For a superconductor to be considered a useful superconducting qubit, it must satisfy certain conditions, such as having a proper operating frequency range, having large anharmonicity (deviation from a harmonic oscillation), large coherence time, ease of coupling, ease of control, and ease of fabrication.
D-Wave, a leading quantum annealer, has branched out into using semiconductor-based superconducting to develop gated QC systems. The Canadian QC company has developed a roadmap that will enable it to build the qubits of a gated QC system within the context of a superconducting integrated circuit stack. If the 5-phase process goes as planned, D-Wave will launch the first gate-based 1000-qubit QC system in the near future. The company outlined the phases as:
- Developing the gate-based model within the context of a superconducting integrated circuit stack.
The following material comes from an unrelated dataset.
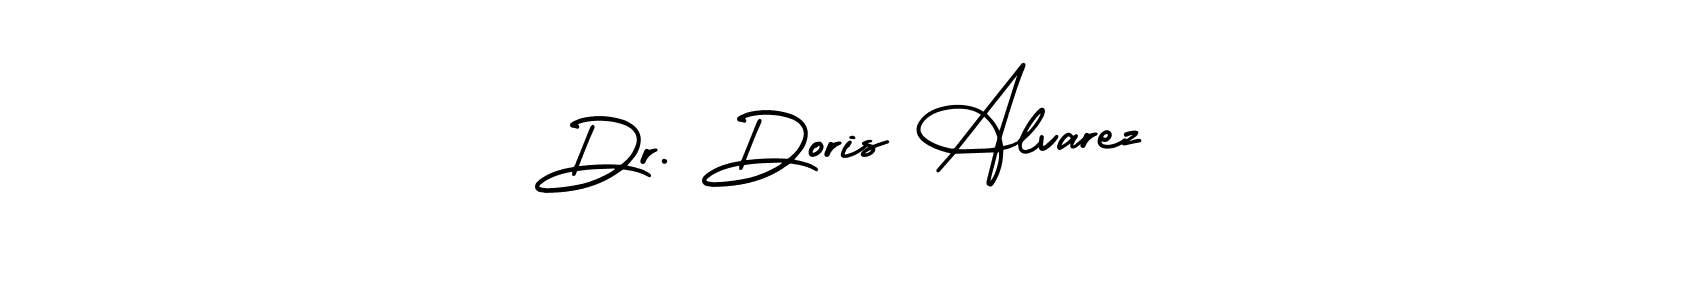 Design your own signature with our free online signature maker. With this signature software, you can create a handwritten (AmerikaSignatureDemo-Regular) signature for name Dr. Doris Alvarez. Dr. Doris Alvarez signature style 3 images and pictures png

- Validating the model for error correction and integrated control circuitry
- Demonstrating the scalability of the technique to allow for logical qubit interaction
- Developing task-specific components of the system
- Release of the general purpose, error-correcting quantum processing unit (QPU)
However, the company didn’t give any timeframe for accomplishing the noble feat.
Quantum Logic Gate
Superconducting logic is the class of logic circuits or logic gates that utilize the unique features of superconductors. Because superconductive electronic circuits require cooling to cryogenic temperatures to operate optimally, superconducting computing is considered a form of cryogenic computing. Superconducting digital logic circuits, on the other hand, use single flux quanta (SFQ) or magnetic flux quanta for encoding, processing, and transmitting data.
- Physical resources – The collection of physical qubits and other essential circuits that control and read out the physical qubits.
- Error correction mechanism: Errors impede the efficient performance of QC systems. Therefore, this layer corrects the errors that affect the information stored in the physical qubits.
- Logical resources: This component performs initialization, gate operation, and readout of logical qubits.
- Algorithm resources: What’s more, the ability to run several algorithms makes the gate-based QC systems stand out. Well, this segment runs all the algorithms, including Shor’s factoring and Grover’s search algorithms.
Therefore, a quantum logic gate is a simple quantum circuit that operates on a small number of qubits. Better still, think of it as the building blocks of the QC system. However, what makes the logic gate of QC systems unique is that it is reversible. For instance, the Toffoli gate, a universal reversible logic gate of double-controlled NOT gate (CCX) with two control qubits and one target, can implement all the Boolean functions of classical computing.
Quantum logic gates are unitary operators and are often represented with unitary matrices, a square matrix of complex numbers whose inverse equals its conjugate transpose.